We have been proud of that, China has never been short of money. Central bank in the past decade to increase the money supply more than four times the monetary authorities dare to act in such a basic fact is that China increased reserve assets day after day, when these reserve assets flow into China, the central bank may not do not have the same number of yuan to buy them, this is called “hedging” phenomenon has made China the center of the global monetary flows, it is like a black hole to attract an influx of global capital, but in the last month, the sudden foreign exchange allows investors to reduce the suffering head with a blow, this is a problem that in many of the evidence before us, we will see the question almost answers. The latest is that the yuan against the dollar limit of the phenomenon occurs for several days. And just two months ago, U.S. politicians are still to put pressure on RMB appreciation and brains, they both hardware and software to the Chinese leaders propaganda, this noisy two countries for many years.
Since then, they may be no need to fight for this thing go on, perhaps the demand for the yuan two months ago, reached its recent peak, the yuan trading in the market may have found its proper value. U.S. politicians, now you shut up!
Those described above, may be just a group of insects flew out before the earthquake, or a cat just died. It’s just a sign of things rather than the whole truth. What will happen next time, we absolutely do not need the next definition.
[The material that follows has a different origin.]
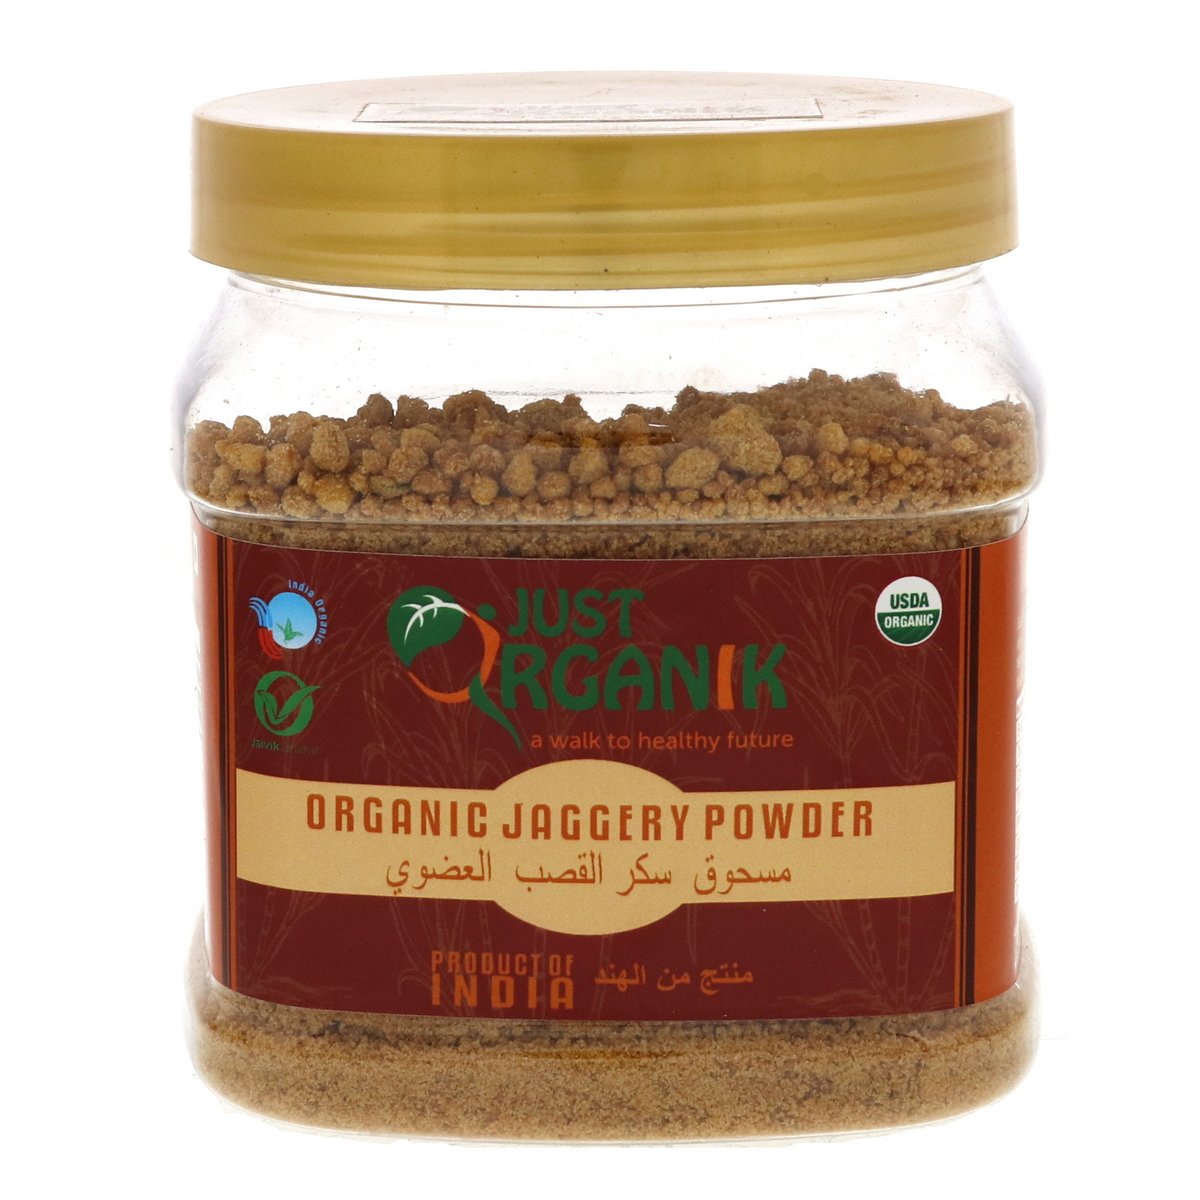 Just Organik Organic Jaggery Powder 500 g

But we can be sure that the above mentioned shows that the capital is flowing out of China, the destination is the United States.
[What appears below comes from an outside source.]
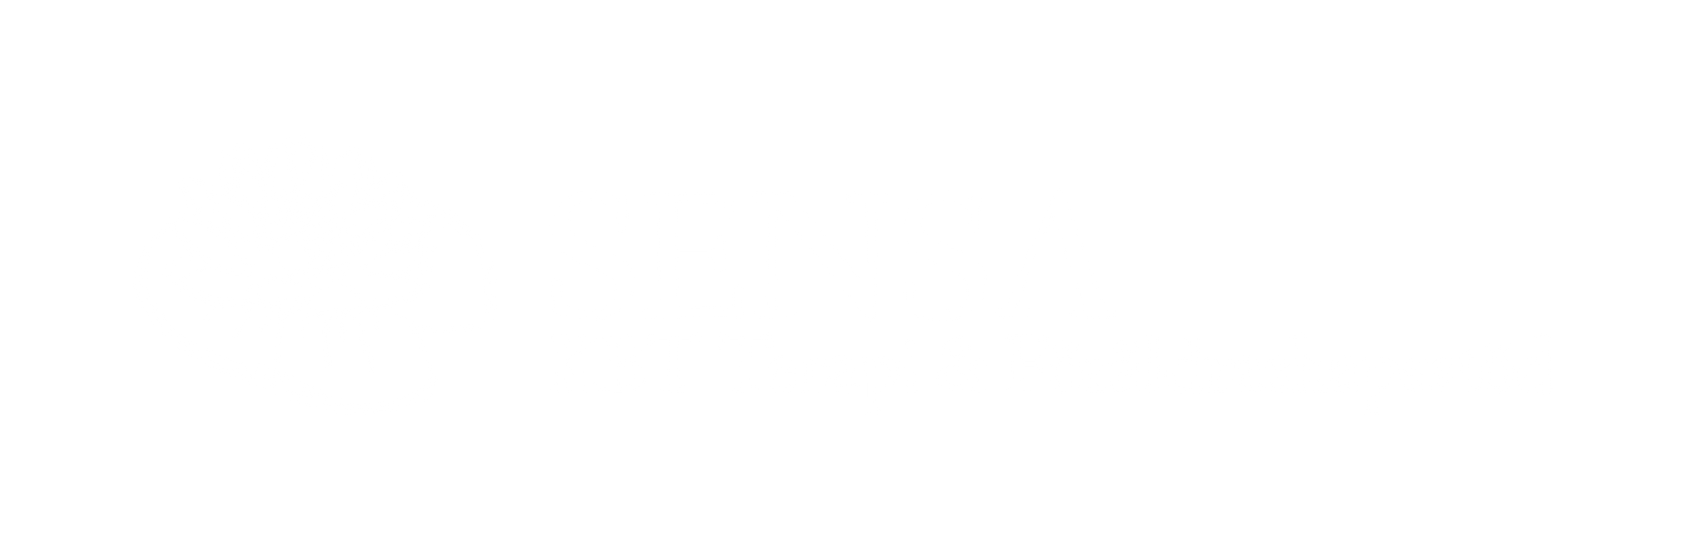 www.sensakbt.se

The reality of China is the world’s ongoing capital campaign, a microcosm of it, at the same time, the crisis of capital are also the eurozone source showed the same scene, it seems many people have observed that in the Eurodollar market, the dollar interest rate is growing up, because when all banks and companies seeking to hedge U.S. dollar assets when the dollar’s purchasing costs and borrowing costs are rising rapidly, which makes dealing with the debt crisis are government heads of a headache, they The Fed last week joined hands together dollar exchange rate will be lowered by 50 basis points, this will of course reduce that market panic, or even the arrival of the new crisis, more come later.
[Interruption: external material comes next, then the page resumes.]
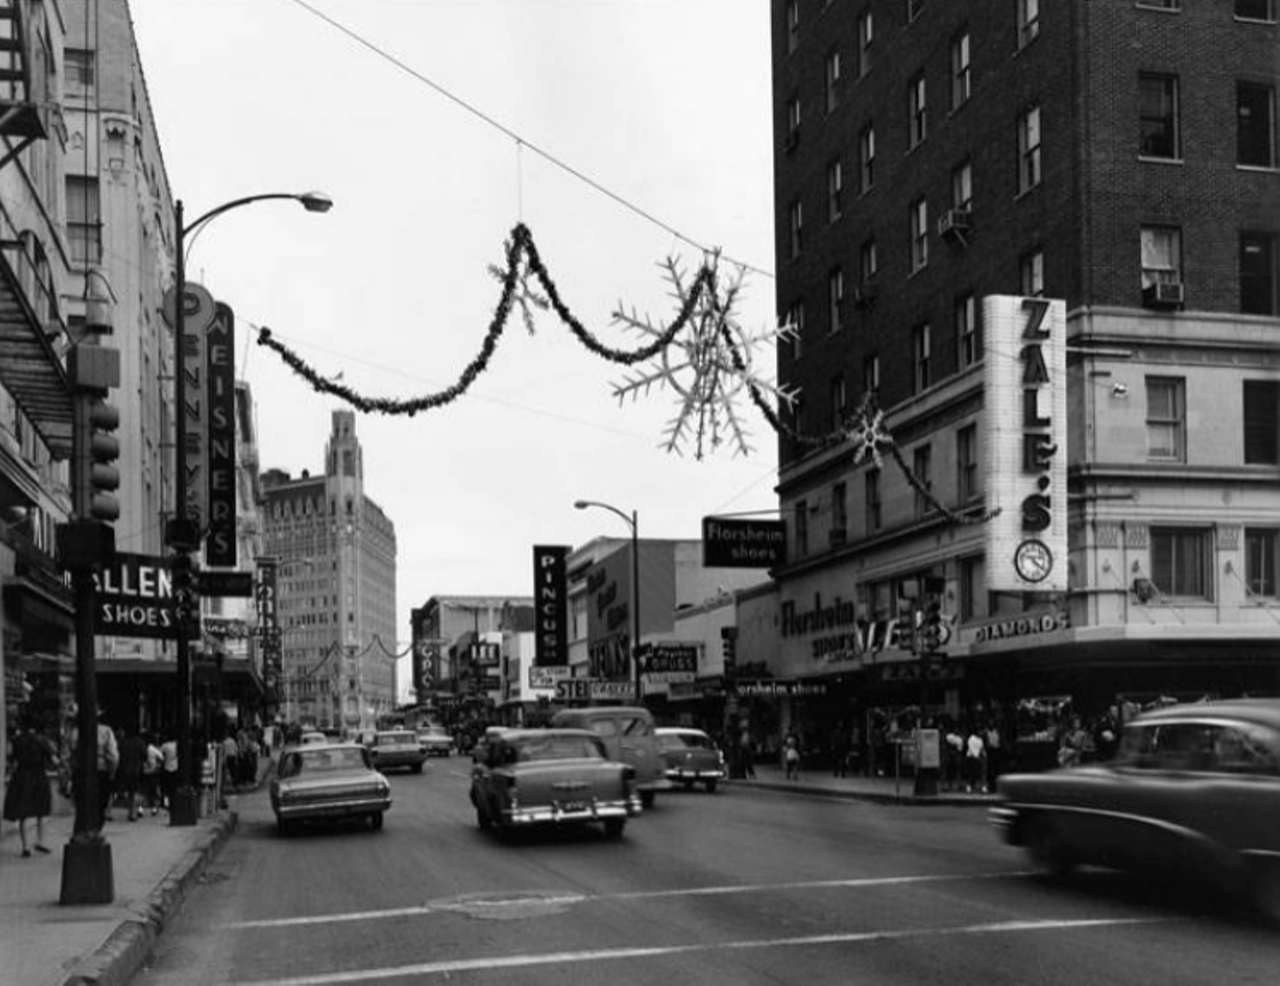 Vintage holiday photos of San Antonio Christmas — Including Joske's and

Global capital flows back to the United States led to the most direct consequences of the U.S. dollar against major global currencies appreciate, over the years, global capital flows have two important characteristics: First, the U.S. has to continental Europe, the second is from developed countries to emerging market countries , especially in the U.S. subprime mortgage crisis is more apparent that the flow characteristics. As the euro-zone economy has been in the past few years, low inflation and steady growth in the state, while the appreciation of the euro against the dollar in the channel, attracting a steady stream of U.S. capital flows to Europe. Meanwhile, between developed and emerging market countries, the existence of huge spreads and currency appreciation in these countries caused by asset price inflation, capital flows from developed to emerging markets, the trend is more evident. In fact, when the dollar is from the U.S. to global capital flows, global liquidity will be relaxed, and returning to the U.S. dollar, the global liquidity will begin to shrink. In this background the market continue to look toward 2012, you will feel suddenly see the light?